Benzer bir yaklaşım da, polis ve asker gibi silâhlı olan zanlılar ile öğretmen ve sağlıkçı gibi silâhlı olmayanlar arasında ayrım yapmak. Deniyor ki, ilk gruptakiler tehlikeli ve hemen yerlerinden alınmaları gerekir; ikinci gruptakiler ani tehlike yaratamaz, bu yüzden farklı bir muameleye tabi tutulabilir. Bu yaklaşımın zayıf tarafı FETÖ’nün örgütlenme biçimini; tersten söyleyecek olursak, FETÖ üyelerinin örgüte bağlanma ve adanma biçimini ya tamamen ihmal etmesi ya da hafife alması. FETÖ ezoterik bir örgüt. Bir ölümüne adanmışlar grubu. Örgütün merkezinde silâhlılar değil siviller var. Bir ilâhiyatçı öğretim üyesi TSK'nın, bir BDDK müfettişi SAT komandolarının, bir öğretmen yerel polis teşkilâtının imamı olabiliyor. Dolayısıyla, “sivil olduğu, silâhsız olduğu için tehlikeli değil” argümanı, en azından örgüt içinde operasyonal görev alan kişiler için geçersiz.

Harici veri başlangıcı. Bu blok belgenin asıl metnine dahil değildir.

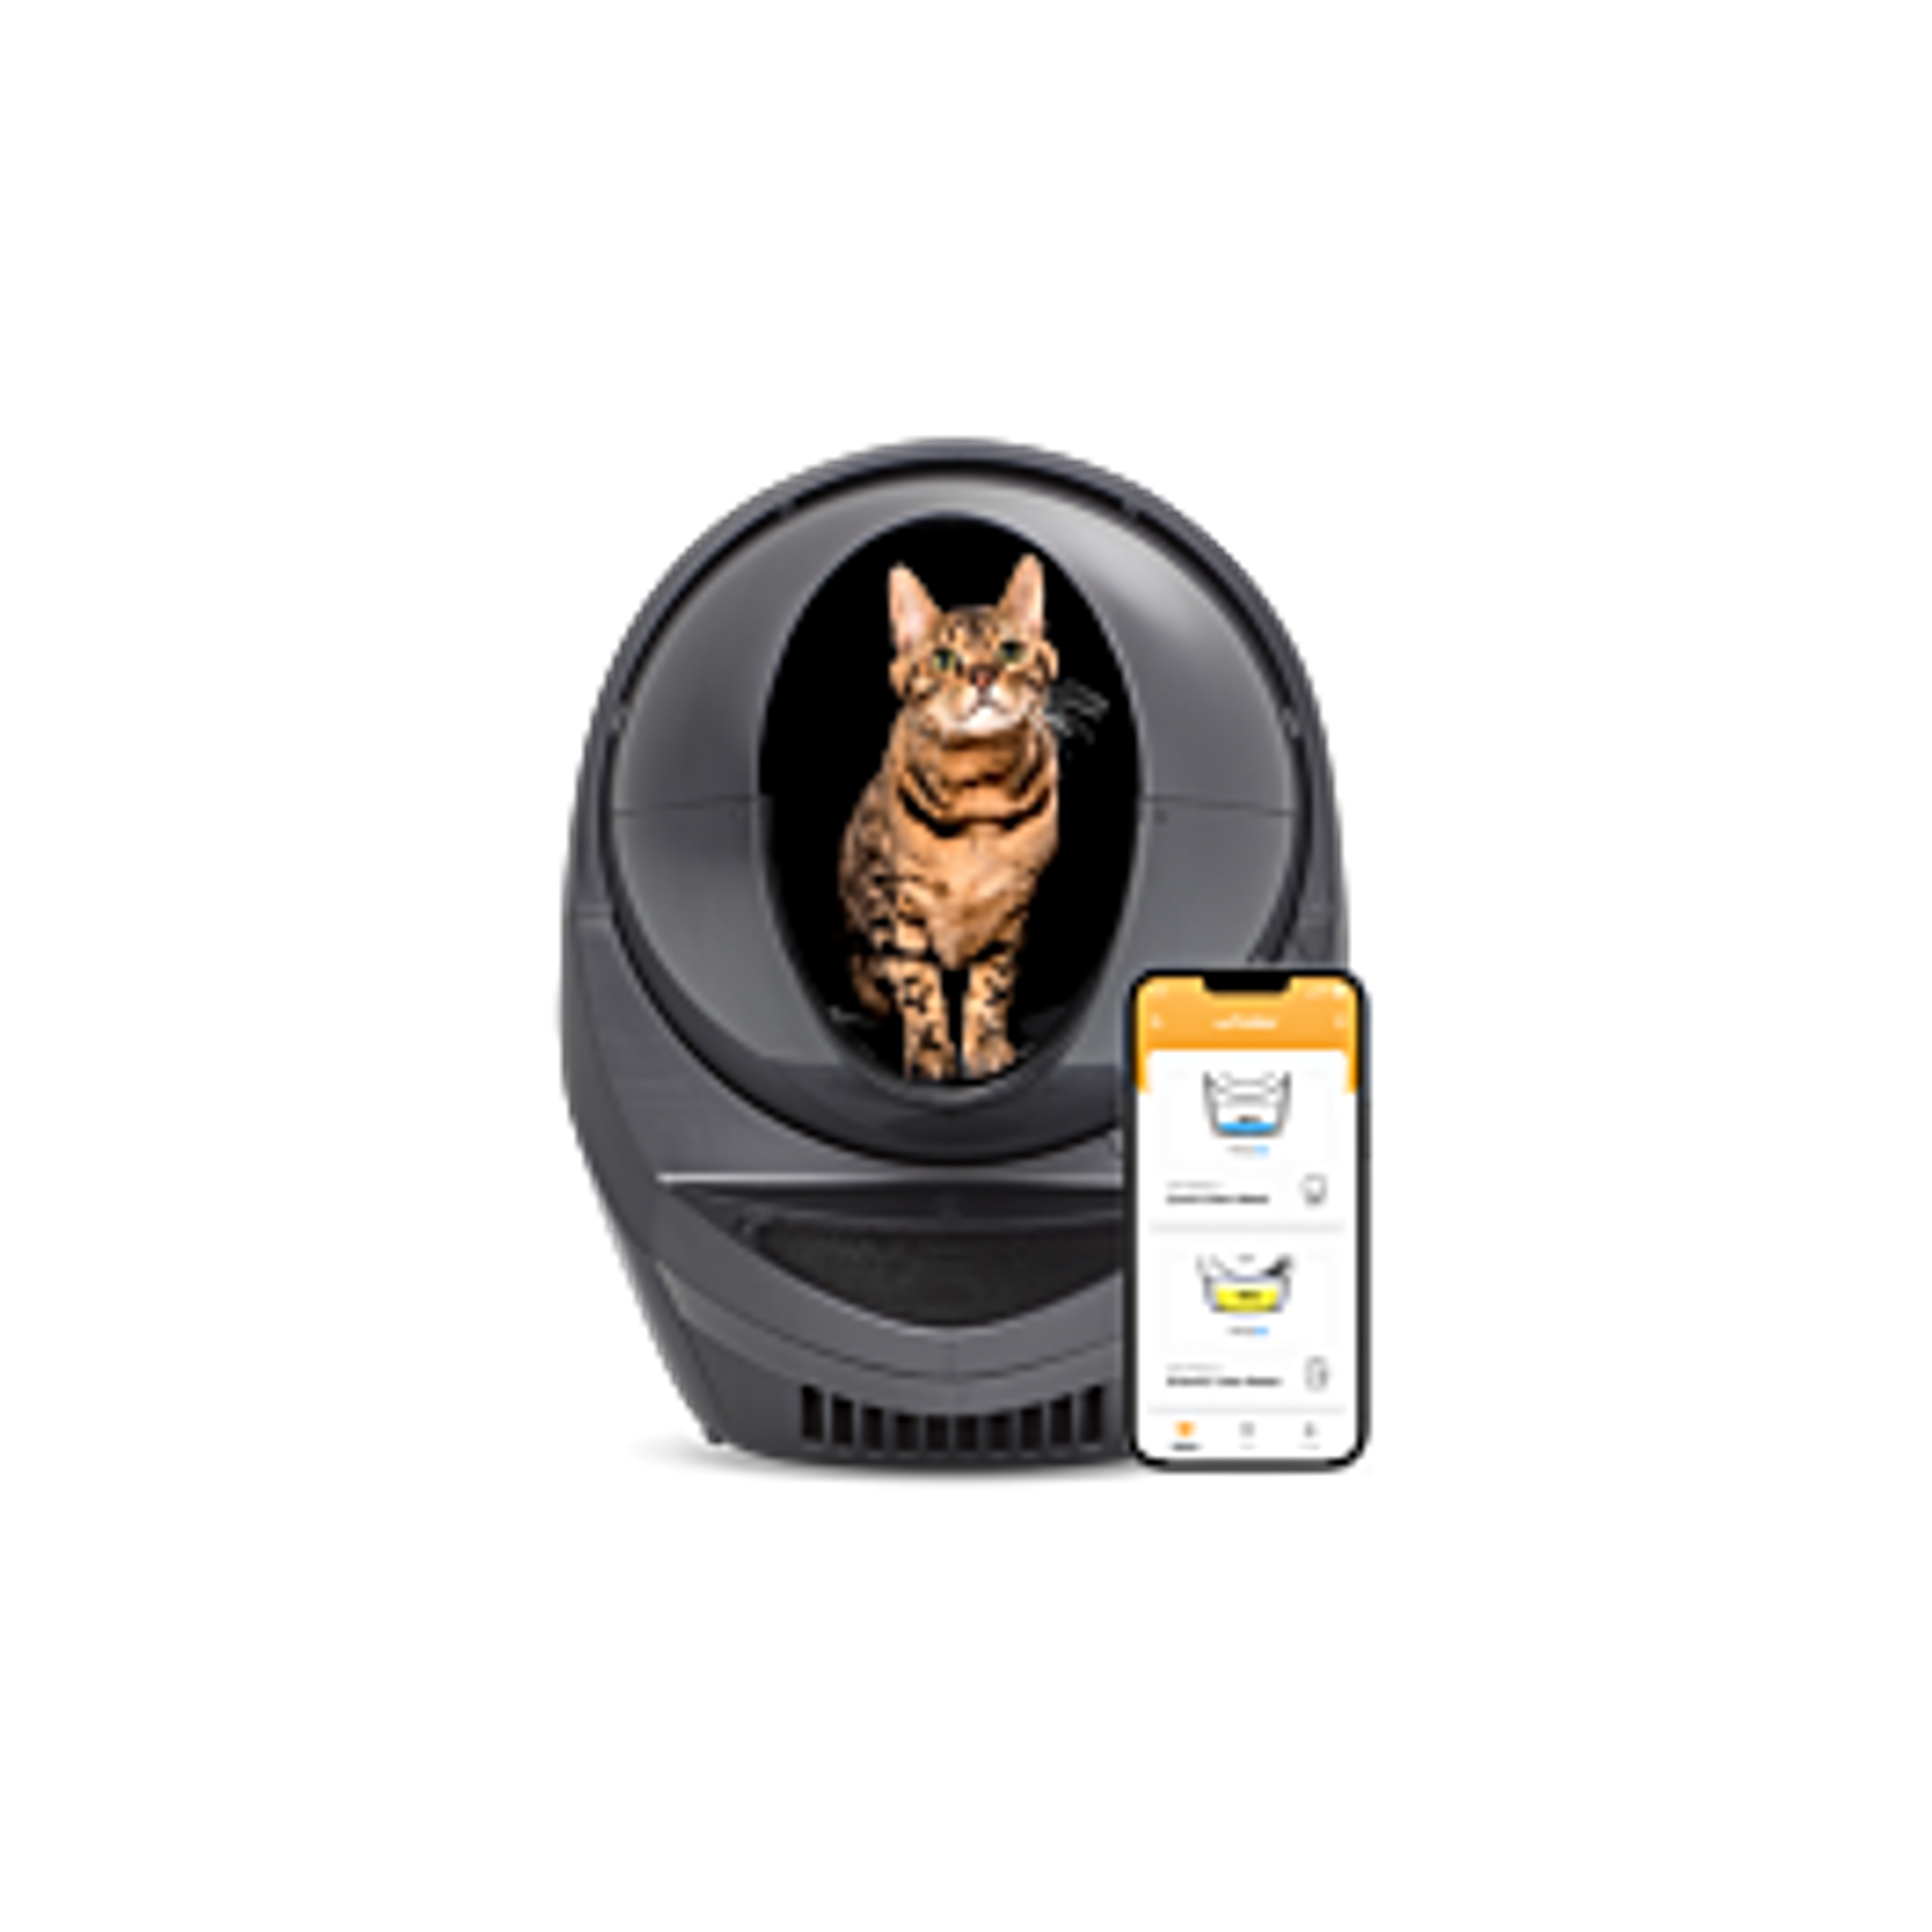 Litter-Robot 3 Connect | Self-Cleaning, WiFi-Enabled Litter Box

Ayrıca, gerçekten FETÖ üyesi olan bir kişinin, mesleğinden ve kimliğinden bağımsız olarak, örgütün suikast düzenlemekten canlı bomba olmaya kadar emredeceği her şeyi yapacağına inanmamızı sağlayacak veriler ve olaylar mevcut.

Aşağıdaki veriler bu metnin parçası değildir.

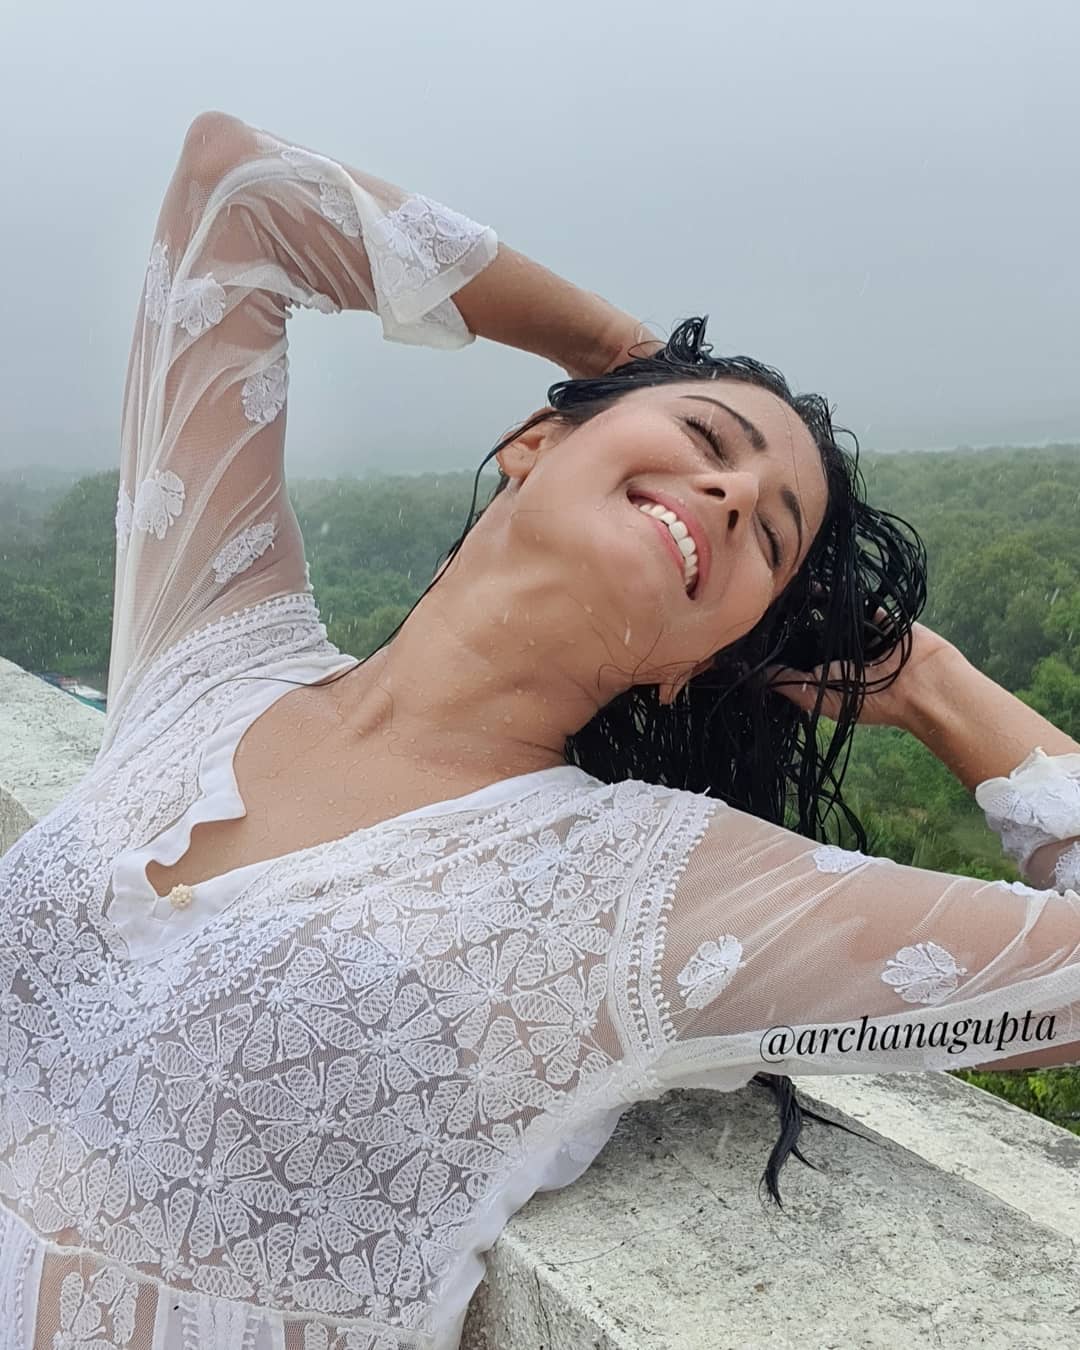 Archana gupta rain dance hot images-Actressarchana, Actress, Archana Gupta, Archanagupta, Tamilactress Photos,Spicy Hot Pics,Images,High Resolution WallPapers Download

(12) FETÖ ile mücadelenin ne olduğunu hakkıyla anlayabilmek için, meselenin asıl özelliğini görmek lâzım. FETÖ ile mücadele özünde siyasî. Bir siyaset felsefesi meselesi. FETÖ ile seçilmiş hükümet arasındaki ihtilâfın özü, kamu otoritesini kimin kullanacağı ve bu kimselerin nasıl belirleneceği. Başka bir deyişle, kimin meşru kimin gayrimeşru noktada durduğu. Demokrasi teorisi açısından FETÖ gayrimeşru yerde duruyor. Dolayısıyla, hükümetin FETÖ ile mücadelesi meşru ve gerekli.
Hukuk bu mücadelenin ne esası ne de özü; sadece bir aracı. Eğer çatışmayı FETÖ kazansaydı o da hukuku hükümeti tasfiyenin aracı olarak kullanacaktı. Hukuk kendi kendisini icra etmez. Hukukçular aracılığıyla hayat bulur. Hükümetin (ve onun öncülüğünde yasamanın) müdahalesi olmasaydı, hukuk bürokrasisini kontrol altına almış olan FETÖ üyeleri nasıl tasfiye edilecekti? FETÖ’nün siyasî operasyonlarına hukukî bir kılıf giydirmesi nasıl önlenecekti? Bu yüzden, siyasî kısmını görmeyip veya ihmal edip sorunu pür hukuk problemi olarak sunmaya çalışmak yanlış ve zararlı.
FETÖ ile mücadele uğruna hukukun her sınırı ve kuralının yıkıldığı, insanların gereksiz ve keyfî şekilde tutuklandığı iddiaları da mevcut. Bu da hassas bir konu. Elbette tutuklama cezalandırmaya dönüştürülmemeli. Birkaç ay önceki rakamlara göre, 15 Temmuz darbe girişimin ardından 161,751 şüpheli hakkında işlem yapıldı. Gözaltına alınan 50,344 kişi tutuklanarak cezaevlerine kondu. 47,136’sı gözaltına alındıktan sonra adlî kontrolle serbest bırakıldı. 8,359’u cezaevine konmasına rağmen delillerin değerlendirilmesi sonrasında tahliye edildi. 55,495 kişi tutuksuz yargılanıyor. Bu rakamlar tutuklamaların keyfî bir araç haline geldiği ve önüne gelenin tutuklandığı iddiasını kuvvetlendiriyor mu, zayıflatıyor mu?
FETÖ ile mücadele kaçınılmaz. Adalet kadar demokrasinin de gereği. Ne FETÖ ile etkili şekilde mücadele edilmesi, ne de adaletin en yüksek seviyede ve en az hata ile gerçekleştirilmesi talebinden vazgeçebiliriz.